Eliel Stenström, EST Ambassador to Sweden, is a former trainee at the European Parliament and current student at the London School of Economics and Stockholm University, where he studies parallel degrees in Politics, International Relations & Economics and Philosophy & History. He has previously worked as a teacher in global politics and economics, as a recruiter for the Red Cross, and as a board member of the Stockholm Association of International Affairs.



Starting my tenure as ambassador to Sweden for EST, it feels prudent to begin with a very brief overview of the at-times paradoxical relationship between Sweden and the European Union. Whilst Sweden is considered a strong supporter of current EU integration, it is also very skeptical of any further integration.

A good visualization of this reasoning is to look at the Swedish word “lagom”, which in many ways epitomizes Swedish Culture. Lagom is an obvious concept for most Swedes, used daily in all fields of life, yet oddly enough has no direct translation to English. The closest translation would be something in the lines of “Just the right amount” or “Not too much, not too little”.

It is a good description of the Swedish approach to most things, from home decoration to dieting and being social. Yet it is not just a word which is helpful when describing Swedish culture, but also when unfolding its relationship to the European Union.

Let us begin with some facts; Sweden is a small Nordic country with 9 million inhabitants that is also, according to the WEF, the 9th most competitive economy in the world. It is therefore capable of competing in the global market, but it also makes it dependent of said market. These two factors have made the Swedish economy outward looking, with 46.3% of the nation’s GDP deriving from exports, the economy is reliant upon selling goods abroad. The more of a country’s goods and services are sold abroad, the more the country benefits from an internal market where it can compete without tariffs. Similarly, the more goods and services are sold abroad, the more the presence (or absence) of tariffs raises (or lowers) the aggregate costs of producing and selling goods and services.

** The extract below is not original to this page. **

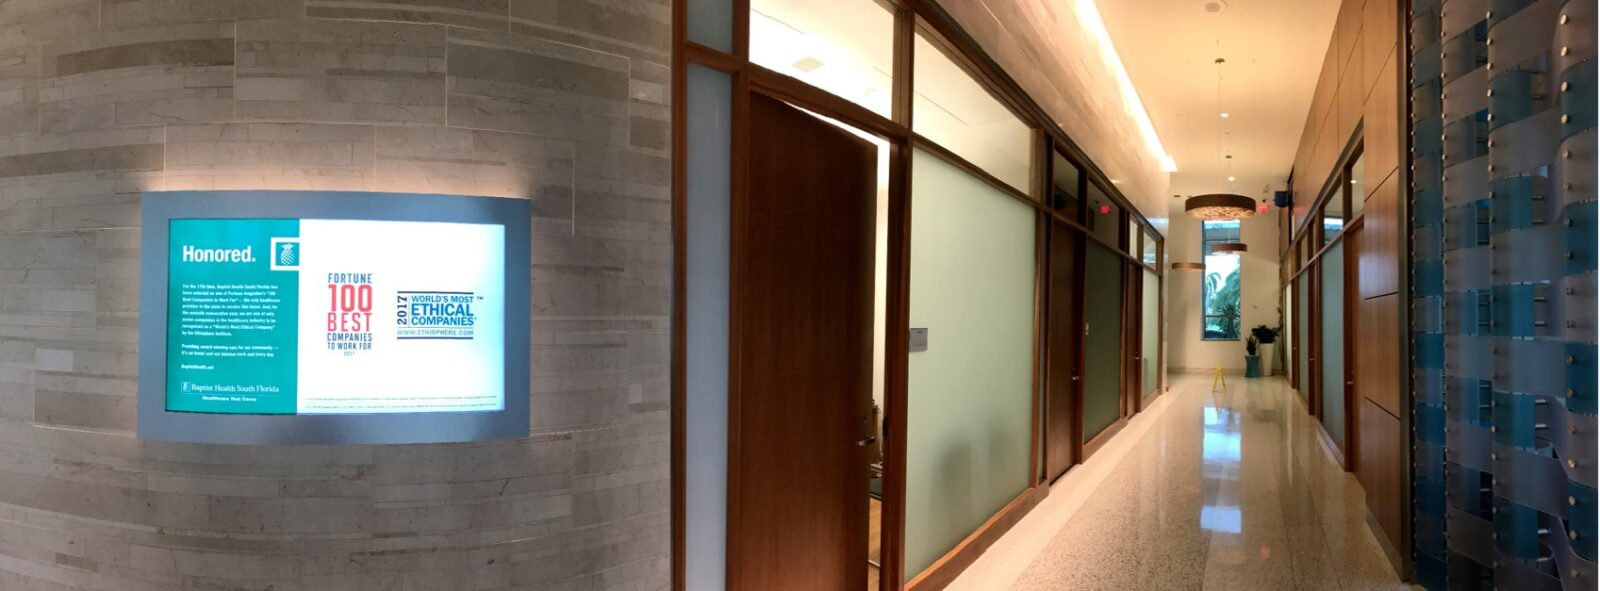 MCI Lobby Walkway

So why does Sweden’s dependence on external trade matter for EU relations? Because Sweden’s economic dependence on exports as a percentage of GDP at 46.3% is almost twice as much as the UK (27.3%), and significantly higher than both France (28.28%) and Italy (28.56%). Evidently, Sweden is not the only member state in the EU with such a high proportion of GDP in exports, Germany, The Netherlands and Denmark share roughly the same proportion.

Yet is still illustrates that Sweden cuts more costs as a percentage of its GDP due to the EU’s internal market than many other member states, and is thus in a sense more dependent on it and its membership in the EU.

However, despite its dependence on access to the internal market, Sweden has historically not had the warmest opinion on further economic integration with its neighbors. When Sweden had their own ‘In or Out’-referendum on joining the EU in 1994, with a margin very similar to that which the Out-side won in the United Kingdom (52.3% compared to 51.8%). During the Euro launch, Sweden was one of only three countries to reject adopting the Euro following a 2003 referendum with a vast majority of 87% voting in favor of keeping the SEK. Finally, Sweden is known to frequently support the most hawkish block during EU budget negotiators in the European Council.

This all seems to point towards Sweden being a Eurosceptic country, yet this is far from the truth. For all its scepticism towards further integration, polling also consistently shows very high approval of the current state of the EU. If there was a “Swexit” vote today, polling suggests the In-side would win by more than 30%. Sweden’s two largest parties are both strongly in favor of the EU, and Sweden is one out of only a few European countries that has seen an increase in voter participation during recent European Parliamentary Elections.

Obviously there is much more to the Swedish-EU relationship than these figures, and various aspects of it will be discussed by myself and other swedes over the upcoming year. But in order to get a preliminary understanding of the Swedish-EU relationship, it can be helpful to understand the Swedish philosophy of Lagom. The EU should provide just the right amount of integration. If it allowed internal market borders it would be doing to little, but if all its member states must adapt the same currency it would do too much. As a Swede would put it, the EU has a role to play, but it should strive for a Lagom role.